Шейла содрогнулась. Последняя шлюпка испанцев отчалила. Серов, обняв жену за плечи, сказал:
– Ладно, я беру вас обоих – тебя, Деласкес, и тебя, Абдалла. Можете перебираться на «Ворон». Что до ремонта, – он повернулся к Стуру, – с этим придется обождать до Плимута или Бристоля.
– Если лоханка туда доплывет, – заметил Стур, топая ногой о палубу. – И если мы не помрем от поноса из-за вонючей жижи в бочках. Хорошо хоть вино нашлось, будем пить вместо воды.
– Жуткая кислятина, – сообщил подошедший Тегг. – Но это, думаю, к лучшему – черви, что завелись в солонине, не выдержат и передохнут.
– На галеоне есть вода и продовольствие. – Шейла с задумчивым видом пригладила русые локоны. – Там, в трюме… Что-то подмокло, что-то сгнило, а что-то еще годится… Пожалуй, я здесь задержусь и проверю.
Серову это не очень понравилось, но спорить с Шейлой он не стал. Конечно, она была его супругой, что вынуждало ее к покорности, но также являлась офицером «Ворона» и службу несла круто и ревностно, без всяких поблажек. Кроме этих двух сторон медали имелась и третья – как-никак «Ворон», по завещанию Джозефа Брукса, принадлежал его племяннице мисс Шейле Брукс. Возможно, другой человек запутался бы в этих трех личинах Шейлы, но только не Серов, пришелец из века женской эмансипации. Прежняя жизнь дарила драгоценный опыт, подсказывала в сомнительный момент: меньше споров, крепче корабль семейного счастья.
Он снял с запястья часы, свой золотой швейцарский «Орион», и протянул его Шейле. Часы показывали восемь двадцать семь, местное время, которое Серов засек вчера по высоте полуденного солнца.
– Вот, возьми… Надеюсь, суток тебе хватит на ревизию? Завтра утром, в половине девятого, ты должна возвратиться на «Ворон». Мы подойдем, чтобы взять провиант. Договорились?
Его супруга кивнула, спрятала часы и обвела рассеянным взглядом группу пиратов. Потом ткнула пальчиком в Хенка и Мортимера.

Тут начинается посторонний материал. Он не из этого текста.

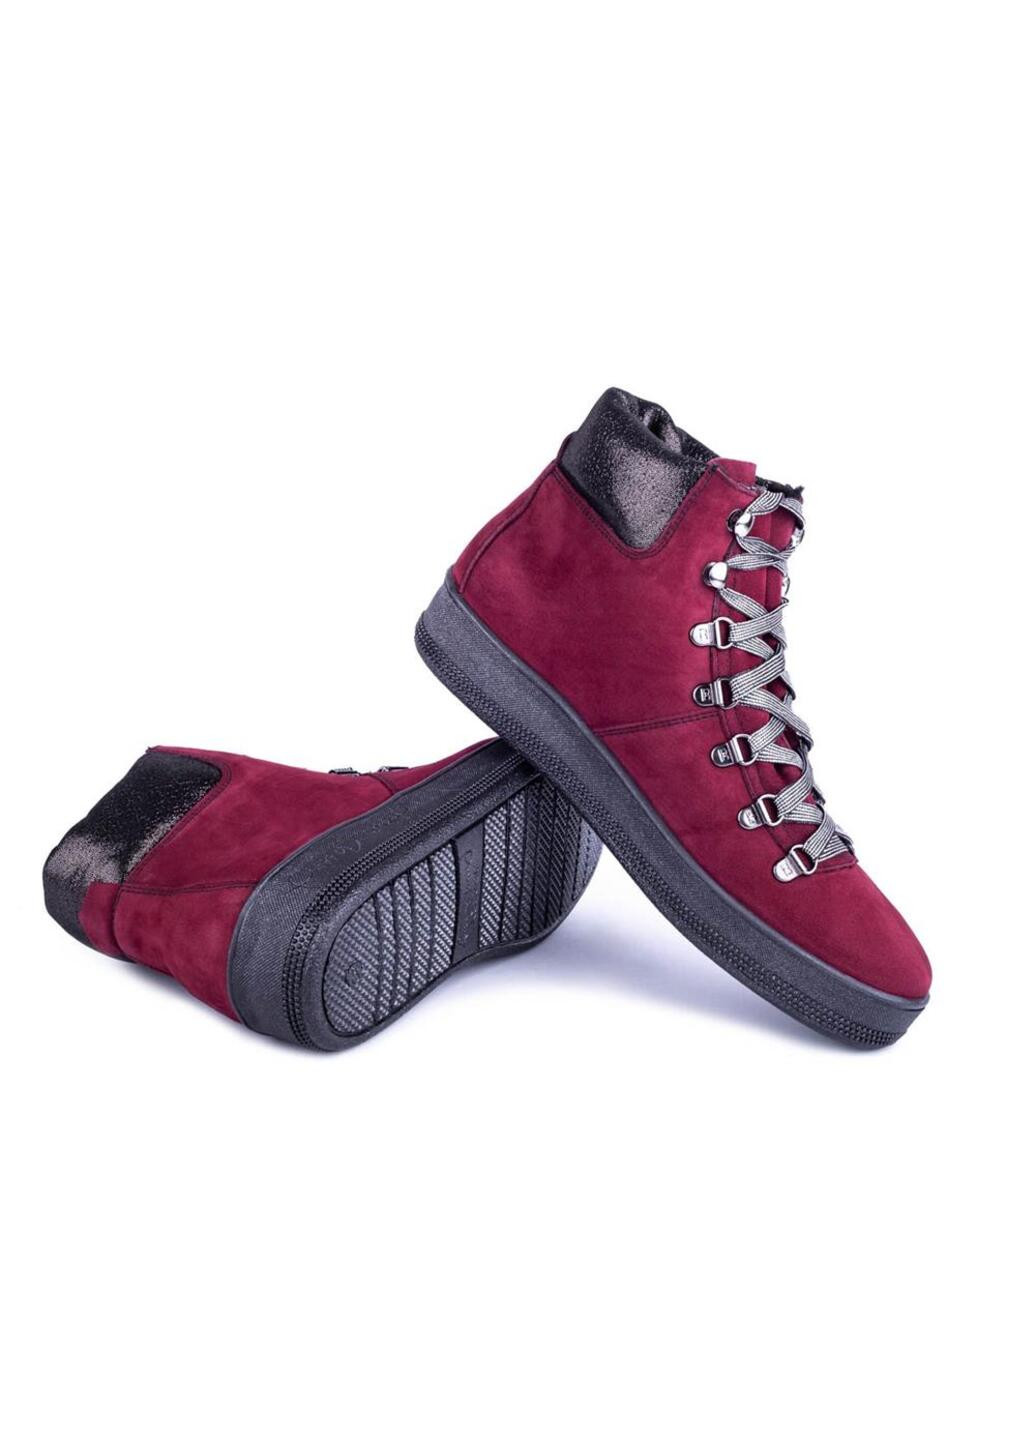 Зимние ботинки женские бренда 8500772_(430ш) Mida
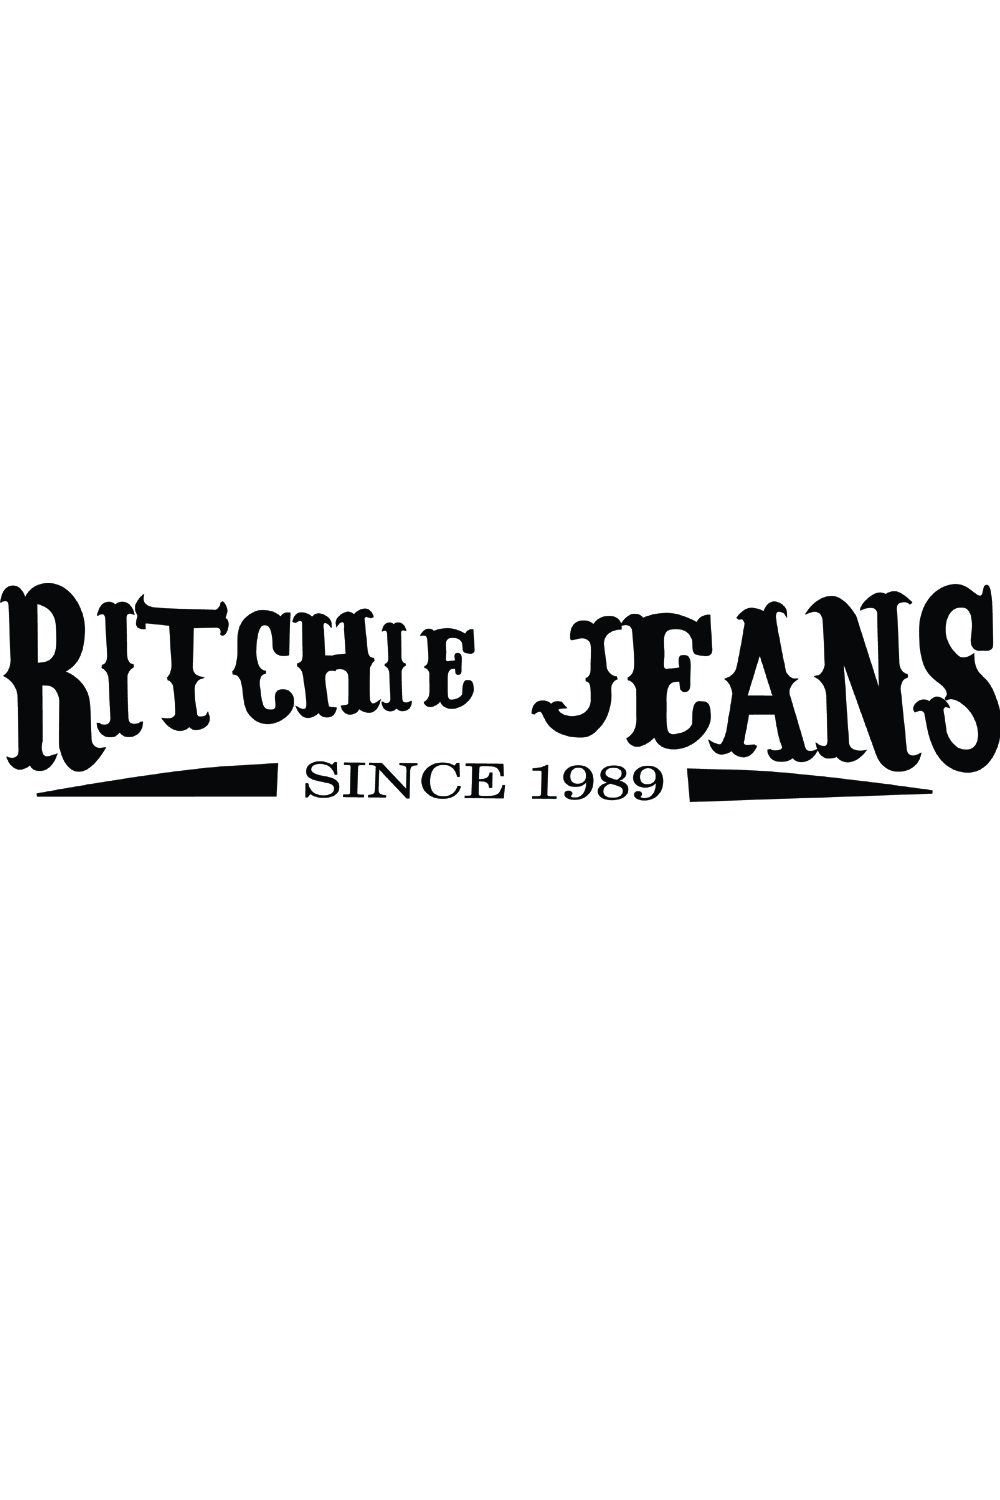 Ritchie Jeans T Shirt pinterest preview image.

– Этих мне оставь. Хенк будет бочки и ящики ворочать, а у Морти острый глаз. Поможет мне искать.
– Со всем удовольствием, – сказал Мортимер и вытянул ногу, любуясь своим новым сапогом. – Мне что трюм обшарить, что чужой карман или, положим, кошелек, все едино. Талант у меня, значит. Батюшка мой говорил, что с таким талантом дорога прямо на виселицу, но я еще…
Шейла толкнула его в спину крепким кулачком.
– Иди, бездельник! Лезь вниз и принимайся за работу! – Обернувшись, она послала Серову нежную улыбку. – До завтра, милый. Не тревожься за меня, я ведь остаюсь с Уотом.
Разумеется, с Уотом, подумал Серов. По нерушимой традиции Берегового братства приз, то есть захваченный корабль, брал под команду первый помощник.
– Приглядывай за ней, – сказал Андрей Стуру, когда Шейла отошла. – Двадцать человек тебе хватит? Двадцать два, считая с Хенком и Мортимером? Ну, если хватит, бери ватагу Тиррела, и пойдем, не торопясь, на север вдоль африканских берегов. Держись в миле от нас, и не дальше.
Стур кивнул, понюхал воздух и заметил:
– Ветер стихает. К ночи, пожалуй, совсем упадет.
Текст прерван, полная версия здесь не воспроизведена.